Wie sensibel das Thema Upskirting ist, sagt eine der beiden Frauen, die dafür kämpft, dass Übergriffe in diesem Zusammenhang auch in Deutschland strafbar werden: «Oft wird es beleidigend», wird Ida Marie Sassenberg im «Spiegel» zitiert. «Manche sagen, das Ganze sei nur ein Randphänomen, das fast niemandem passiere – wir sollen uns um Wichtigeres kümmern.» Andere meinten, man trage selbst Schuld, wenn man einen Rock anziehe.

Trotz diesen verbalen Angriffen haben das Anliegen der beiden Frauen auf der Plattform Change.org bereits über 57'000 Menschen unterzeichnet. Das Ziel der Initiantinnen sind 75'000 Unterschriften. Sassenbergs Mitstreiterin, Hanna Seidel, ist selbst zwei Mal Opfer solcher Übergriffe geworden, wie sie schreibt.

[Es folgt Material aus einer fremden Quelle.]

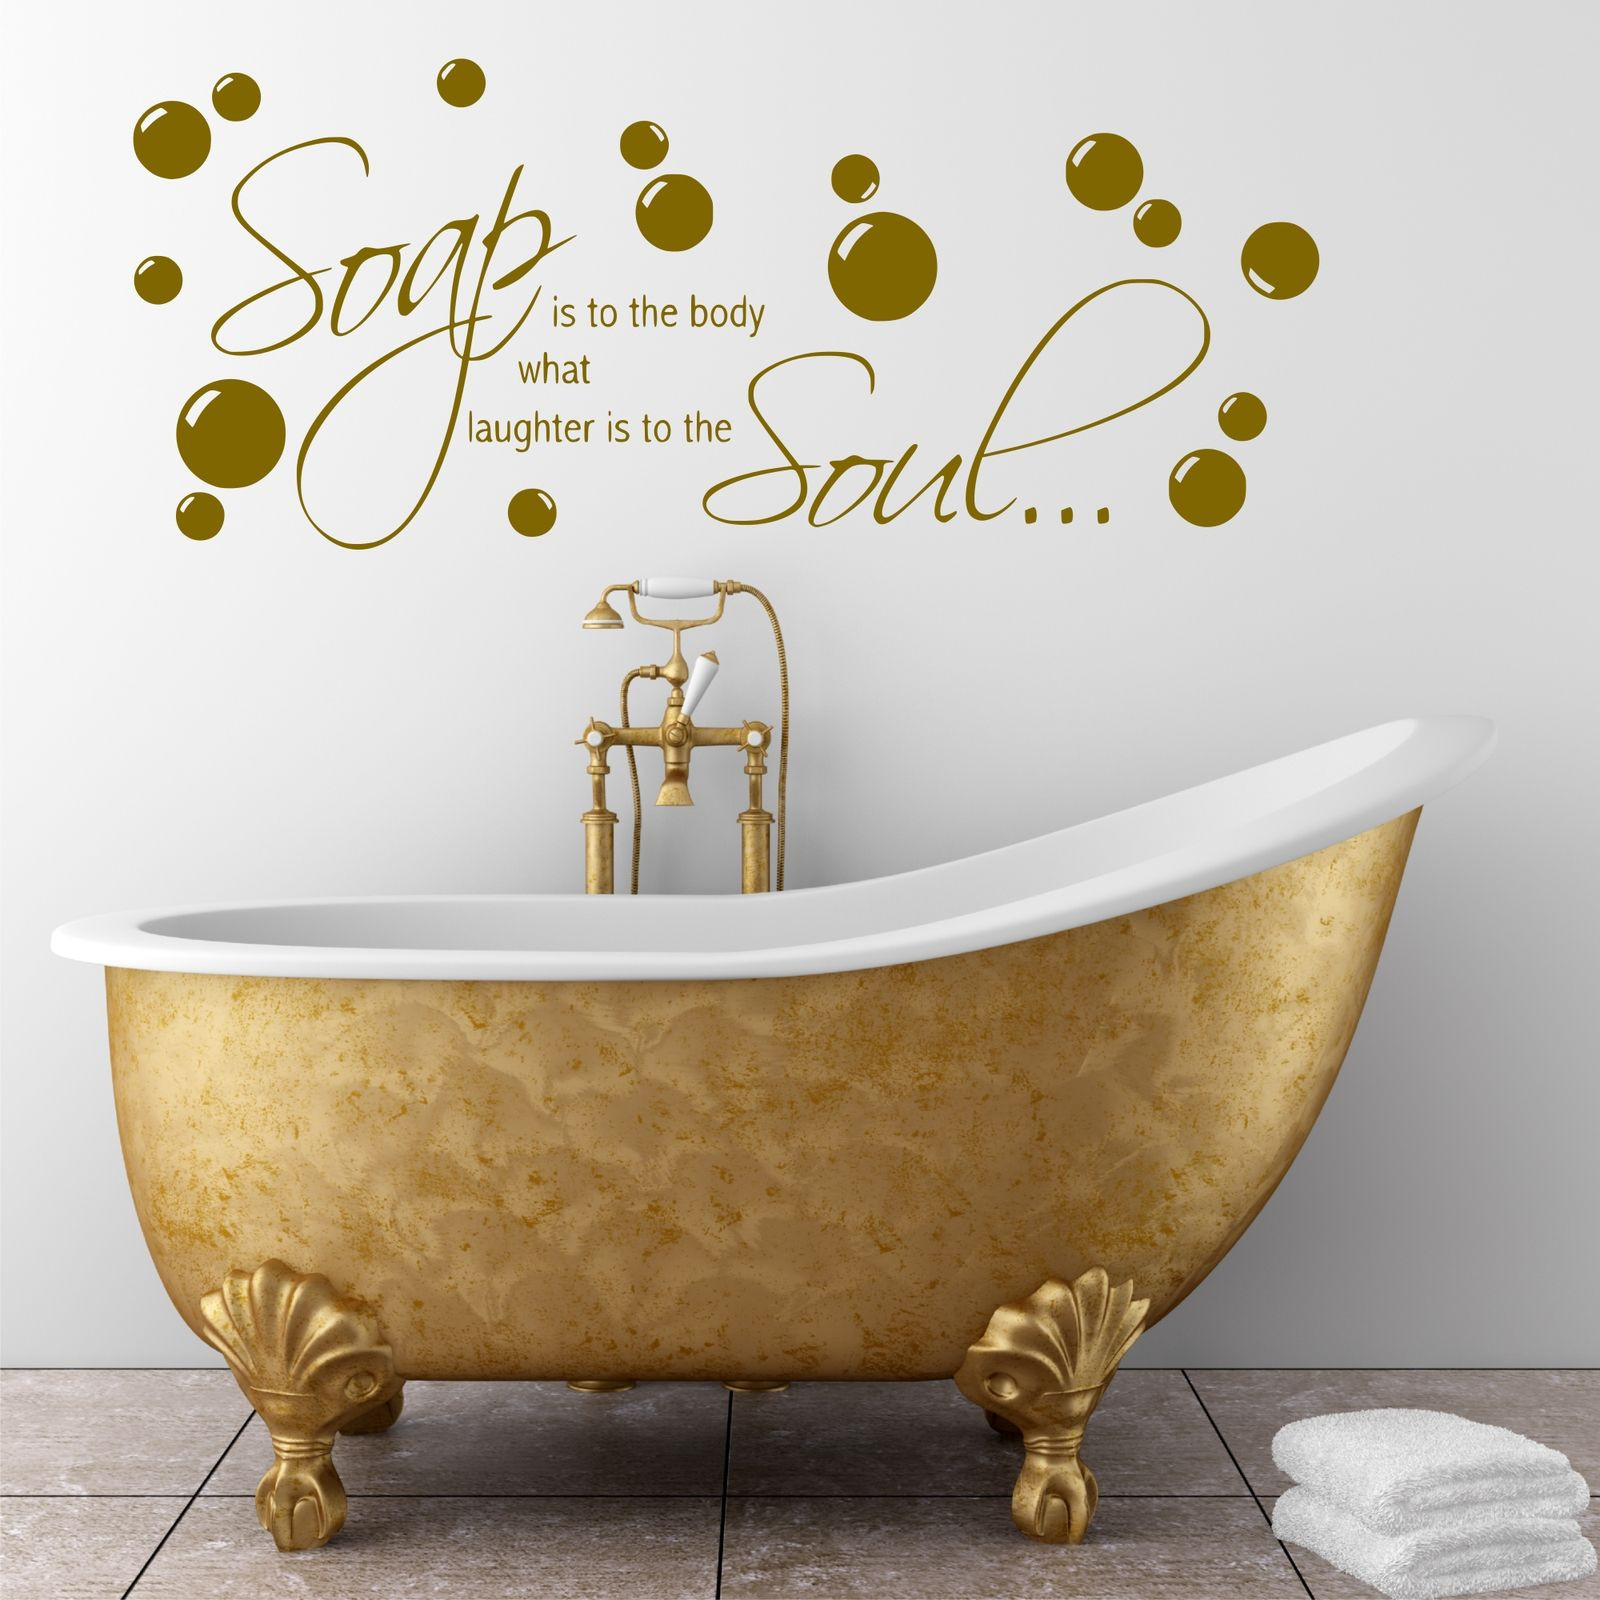 Wall Decals For Bathroom
 Bathroom Wall quote Soap Body Wall Sticker Decal Transfer

Motiviert dazu habe Seidel auch die Situation in Grossbritannien. Dort hat im Januar eine ähnliche Kampagne dazu geführt, dass Upskirting mit bis zu zwei Jahren Freiheitsstrafe geahndet werden kann. Auch in Ländern wie Finnland, Schottland, Australien, Neuseeland und Indien ist das Phänomen verboten.